2014-08-20 Thread Dan Van Der Ster
Hi,

On 20 Aug 2014, at 16:55, German Anders 
gand...@despegar.commailto:gand...@despegar.com wrote:

Hi Dan,

  How are you? I want to know how you disable the indexing on the 
/var/lib/ceph OSDs?


# grep ceph /etc/updatedb.conf
PRUNEPATHS = /afs /media /net /sfs /tmp /udev /var/cache/ccache 
/var/spool/cups /var/spool/squid /var/tmp /var/lib/ceph



Did you disable deep scrub on you OSDs?


No but this can be an issue. If you get many PGs scrubbing at once, performance 
will suffer.

There is a new feature in 0.67.10 to sleep between scrubbing “chunks”. I set 
the that sleep to 0.1 (and the chunk_max to 5, and the scrub size 1MB). In 
0.67.10+1 there are some new options to set the iopriority of the scrubbing 
threads. Set that to class = 3, priority = 0 to give the scrubbing thread the 
idle priority. You need to use the cfq disk scheduler for io priorities to 
work. (cfq will also help if updatedb is causing any problems, since it runs 
with ionice -c 3).

I’m pretty sure those features will come in 0.80.6 as well.

Do you have the journals on SSD's or RAMDISK?


Never use RAMDISK.

We currently have the journals on the same spinning disk as the OSD, but the 
iops performance is low for the rbd and fs use-cases. (For object store it 
should be OK).

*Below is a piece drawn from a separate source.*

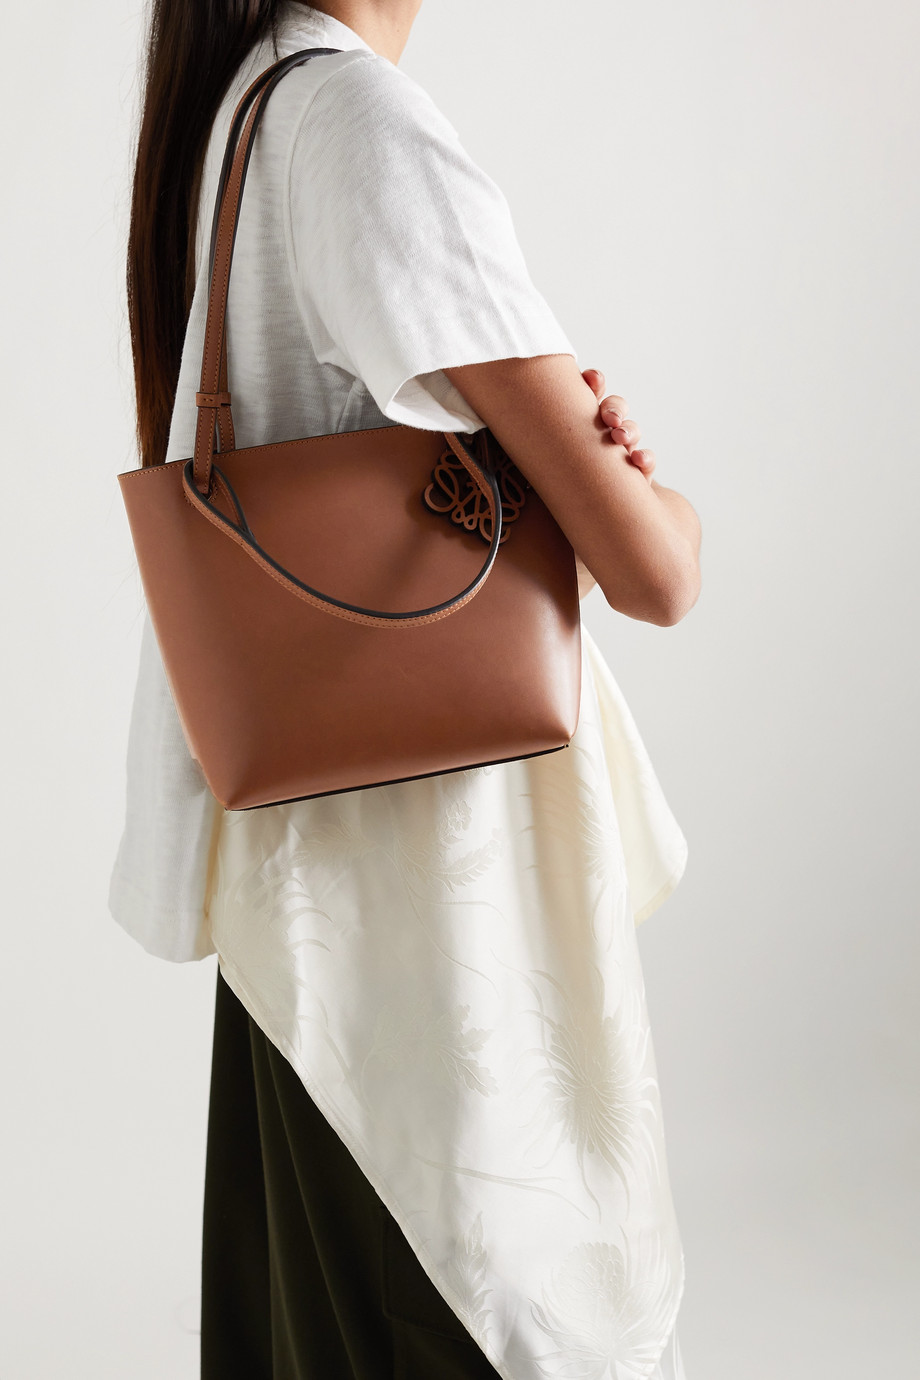 Loewe Double Handle leather tote

But for rbd or fs, you really need journals on SSDs or your 
cluster will suffer.

We now have SSDs on order to augment our cluster. (The way I justified this is 
that our cluster has X TB of storage capacity and Y iops capacity. With disk 
journals we will run out of iops capacity well before we run out of storage 
capacity. So you can either increase the iops capacity substantially by 
decreasing the volume of the cluster by 20% and replacing those disks with SSD 
journals, or you can just leave 50% of the disk capacity empty since you can’t 
use it anyway).


What's the perf of your cluster? randos bench? fio? I've setup a new cluster 
and I want to know what would be the best option scheme to go.

It’s not really meaningful to compare performance of different clusters with 
different hardware. Some “constants” I can advise
  - with few clients, large write throughput is limited by the clients 
bandwidth, as long as you have enough OSDs and the client is striping over many 
objects.
  - with disk journals, small write latency will be ~30-50ms even when the 
cluster is idle. if you have SSD journals, maybe ~10ms.
  - count your iops. Each disk OSD can do ~100, and you need to divide by the 
number of replicas. With SSDs you can do a bit better than this since the 
synchronous writes go to the SSDs not the disks. In my tests with our hardware 
I estimate that going from disk to SSD journal will multiply the iops capacity 
by around 5x.

I also found that I needed to increase some the journal max write and journal 
queue max limits, also the filestore limits, to squeeze the best performance 
out of the SSD journals. Try increasing filestore queue max ops/bytes, 
filestore queue committing max ops/bytes, and the filestore wbthrottle xfs * 
options. (I’m not going to publish exact configs here because I haven’t 
finished tuning yet).

Cheers, Dan


Thanks a lot!!

Best regards,

German Anders














On Wednesday 20/08/2014 at 11:51, Dan Van Der Ster wrote:
Hi,

Do you get slow requests during the slowness incidents? What about monitor 
elections?
Are your MDSs using a lot of CPU? did you try tuning anything in the MDS (I 
think the default config is still conservative, and there are options to cache 
more entries, etc…)
What about iostat on the OSDs — are your OSD disks busy reading or writing 
during these incidents?
What are you using for OSD journals?
Also check the CPU usage for the mons and osds...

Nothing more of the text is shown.